From the conference hall of ECTC 2025 in Dallas, we're joined by Sam Naffziger of AMD who reveals how AI has transformed from a peripheral topic to the dominant force in computing within just five years. The economic motivation is clear: creating machines that generate intelligence offers "uncalculable value" to humanity. Yet as Nafziger explains, today's large language models face significant limitations—they excel at pattern recognition but struggle with true reasoning, suffer from hallucinations, and require human verification for mission-critical applications.

Perhaps most surprising is Nafziger's revelation about "the data wall"—general-purpose AI models have essentially exhausted the high-quality training data available on the internet. This constraint is pushing AI development toward more sophisticated approaches involving reinforcement learning and models that check other models, gradually shifting from simple pattern recognition toward deliberative thinking that more closely resembles human reasoning.

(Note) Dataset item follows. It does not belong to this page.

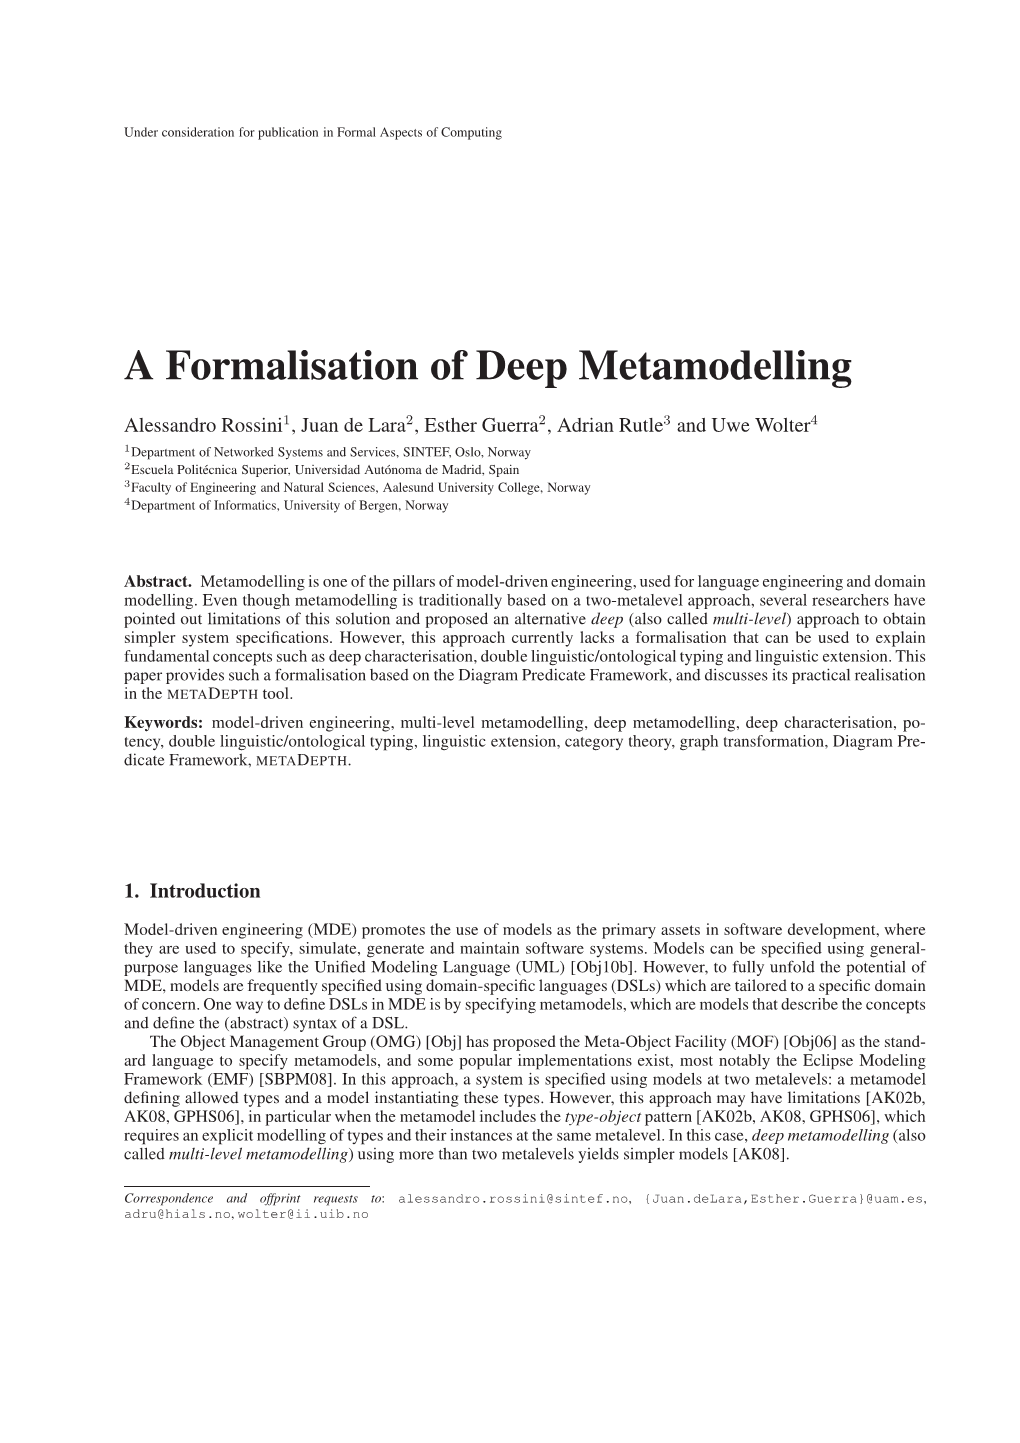 A Formalisation of Deep Metamodelling

The conversation tackles the looming concern of AI's energy consumption, projected to reach 10% of global power by 2030. Rather than viewing this as an insurmountable problem, Nafziger offers a compelling perspective: AI's ability to optimize countless processes—from transportation routing to crop yields and manufacturing efficiency—could ultimately lead to net energy savings despite its own substantial power requirements.

For the advanced packaging community, the message is clear: your work sits at the foundation of AI's future. As computational demands increase exponentially, innovations in thermal management, power delivery, and component integration will directly determine how quickly and effectively AI can evolve. 

Connect with Sam Naffziger on LinkedIn or visit AMD.com to learn more about their competitive AI solutions and join the conversation about technology that's reshaping our world.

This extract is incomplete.